## 1. Using Pandas to Prepare Data
Import pandas and edit the dataframe

Steps:
1. Convert csv to dataframe
2. Clean out the empty data
3. Check describe, head, columns
4. Split data into X, y
5. Split data into training and testing

In [2]:
import pandas as pd # import pandas

In [3]:
data = pd.read_csv('pima-indians-diabetes.csv') # convert csv to dataframe so we can work with it

In [4]:
data = data.dropna(axis=0) # remove empty data

### Check over the data
- describe()
- head()
- column

In [5]:
data.describe()

Unnamed: 0,6,148,72,35,0,33.6,0.627,50,1
count,767.0,767.0,767.0,767.0,767.0,767.0,767.0,767.0,767.0
mean,3.842243,120.859192,69.101695,20.517601,79.90352,31.990482,0.471674,33.219035,0.34811
std,3.370877,31.978468,19.368155,15.954059,115.283105,7.889091,0.331497,11.752296,0.476682
min,0.0,0.0,0.0,0.0,0.0,0.0,0.078,21.0,0.0
25%,1.0,99.0,62.0,0.0,0.0,27.3,0.2435,24.0,0.0
50%,3.0,117.0,72.0,23.0,32.0,32.0,0.371,29.0,0.0
75%,6.0,140.0,80.0,32.0,127.5,36.6,0.625,41.0,1.0
max,17.0,199.0,122.0,99.0,846.0,67.1,2.42,81.0,1.0


In [10]:
data.head() # first 5 rows

Unnamed: 0,6,148,72,35,0,33.6,0.627,50,1
0,1,85,66,29,0,26.6,0.351,31,0
1,8,183,64,0,0,23.3,0.672,32,1
2,1,89,66,23,94,28.1,0.167,21,0
3,0,137,40,35,168,43.1,2.288,33,1
4,5,116,74,0,0,25.6,0.201,30,0


In [13]:
data.columns # equvilent to keys

Index(['6', '148', '72', '35', '0', '33.6', '0.627', '50', '1'], dtype='object')

### Split into X and y
X is the input data
y is the output data - the target of our predictions

If the data is not all numerical, you need to fix it here.
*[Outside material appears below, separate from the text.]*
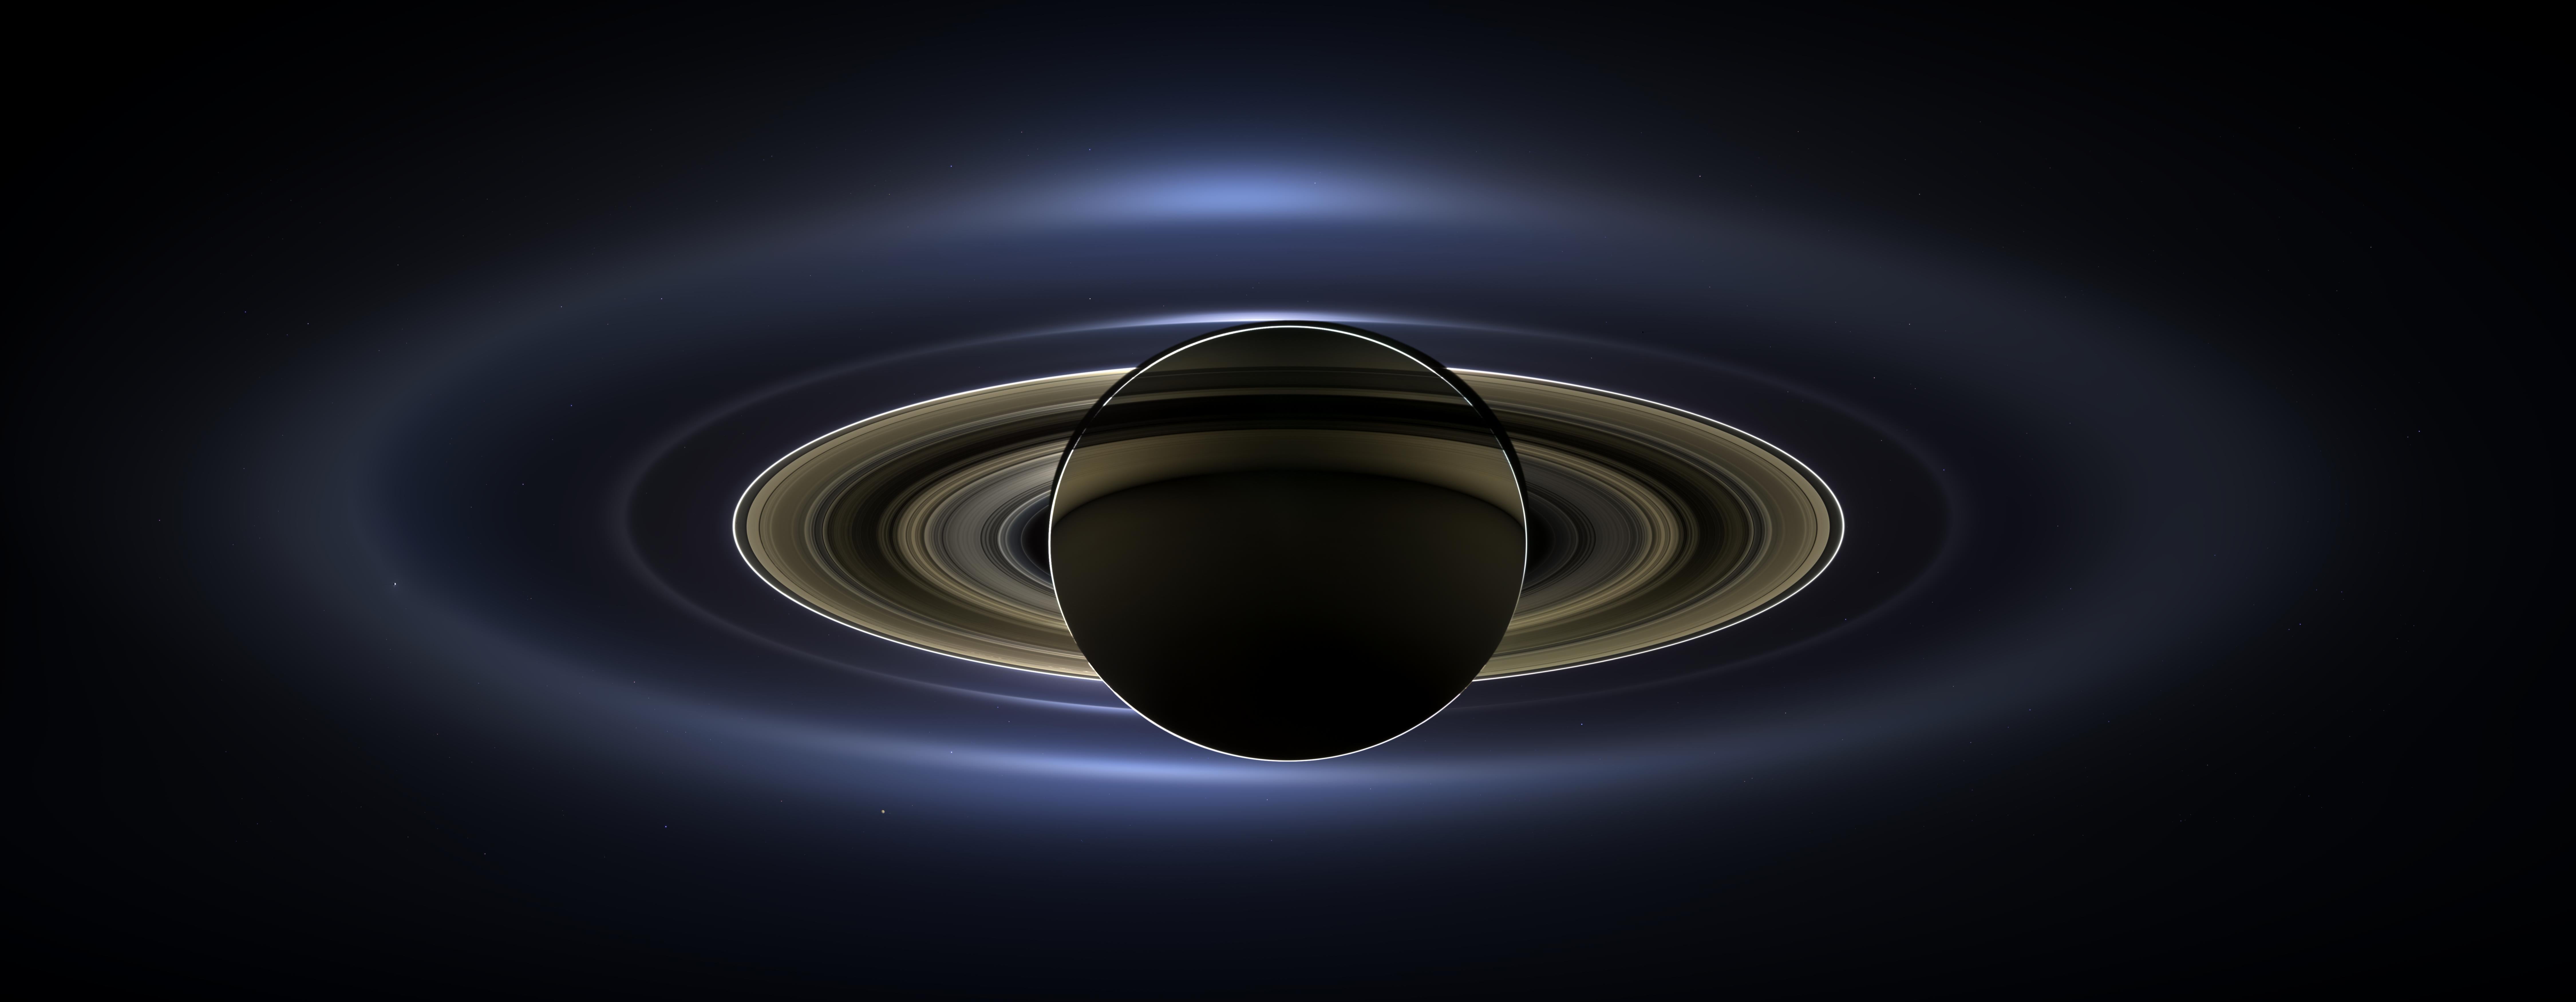 Image: NASA/JPL-Caltech/SSI
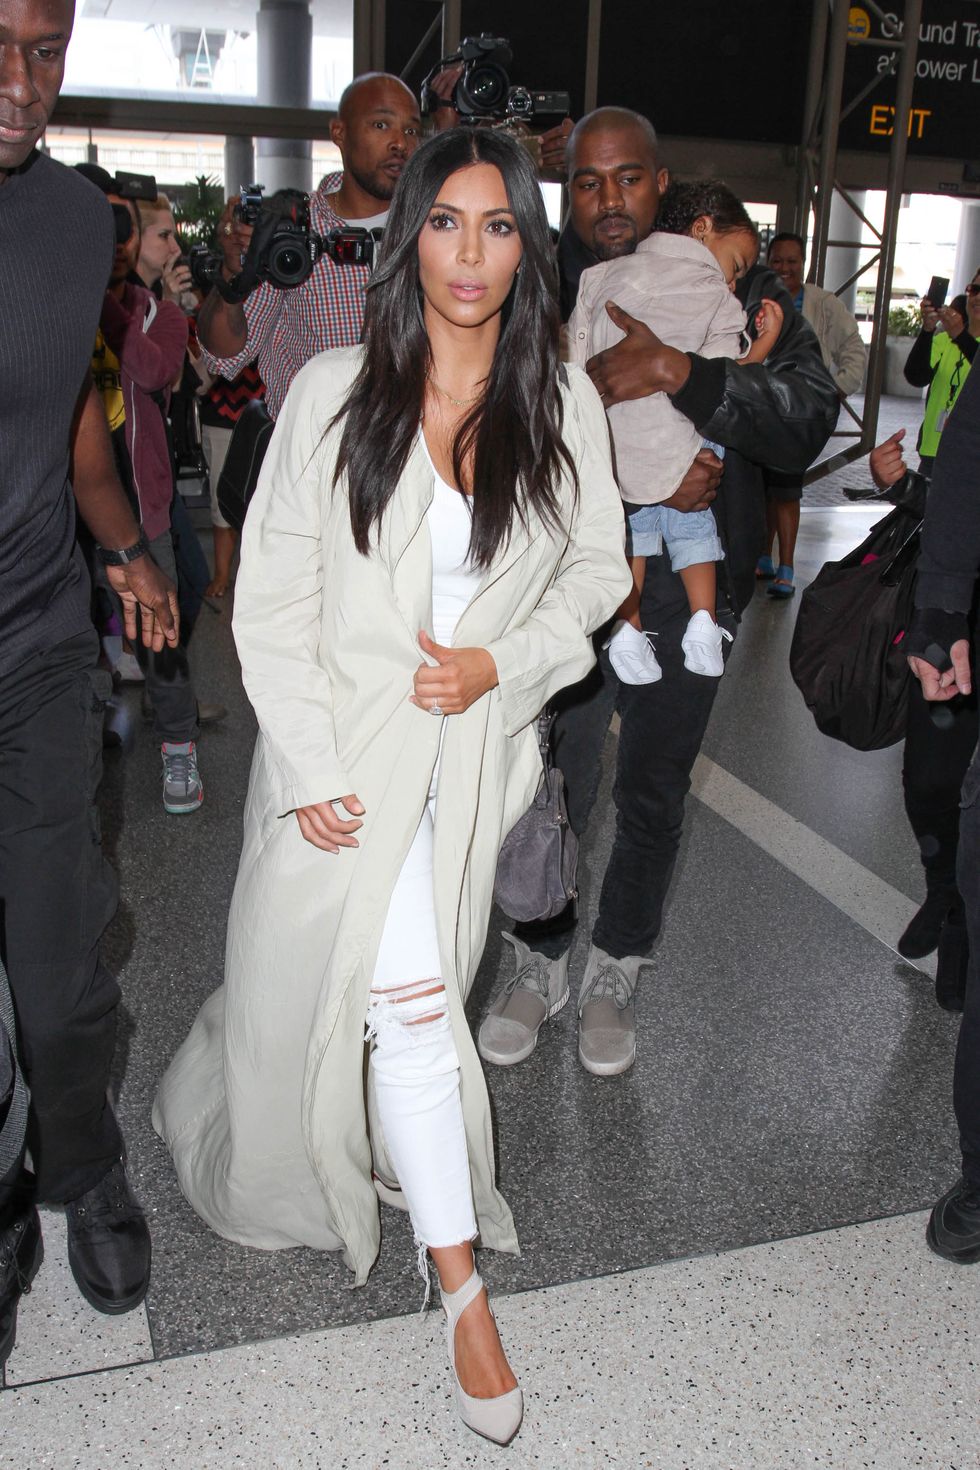 Kim Kardashian wearing cream duster coat in the airport

For example, if it's three different types of Iris classifications you need to write some code to assign the numbers 0, 1, and 2 to the three types.

In [14]:
# usually you'd do y.ColumnName since it's only one column
# but this time since it's a called a number '1' I'm using the list method

y_columns = ['1']
y = data[y_columns]

In [15]:
x_columns = ['6', '148', '72', '35', '0', '33.6', '0.627', '50'] # copied from data.columns, everything but the target column
X = data[x_columns]

### Train test split

In [16]:
from sklearn.model_selection import train_test_split

In [32]:
X_train, X_test, y_train, y_test = train_test_split(X, y, random_state=256)
# X_train, X_test, y_train, y_test = train_test_split(X, y, train_size=0.7, test_size=0.2, random_state=256)

## 2. Building the Model
Now that all the data preparation is done, we can build the actual tree


In [49]:
from sklearn.tree import DecisionTreeRegressor
# Create the model
model = DecisionTreeRegressor(max_leaf_nodes=100, random_state=256) # you can also just not specify the amount of leaf nodes

In [50]:
# Fit the model to the training data
model.fit(X_train, y_train)

DecisionTreeRegressor(max_leaf_nodes=100, random_state=256)

#### Predictions
Find out what the model predicts based on the testing input data

In [51]:
predictions = model.predict(X_test)
predictions[:5] # print out the first five rows

array([1.        , 1.        , 1.        , 1.        , 0.00877193])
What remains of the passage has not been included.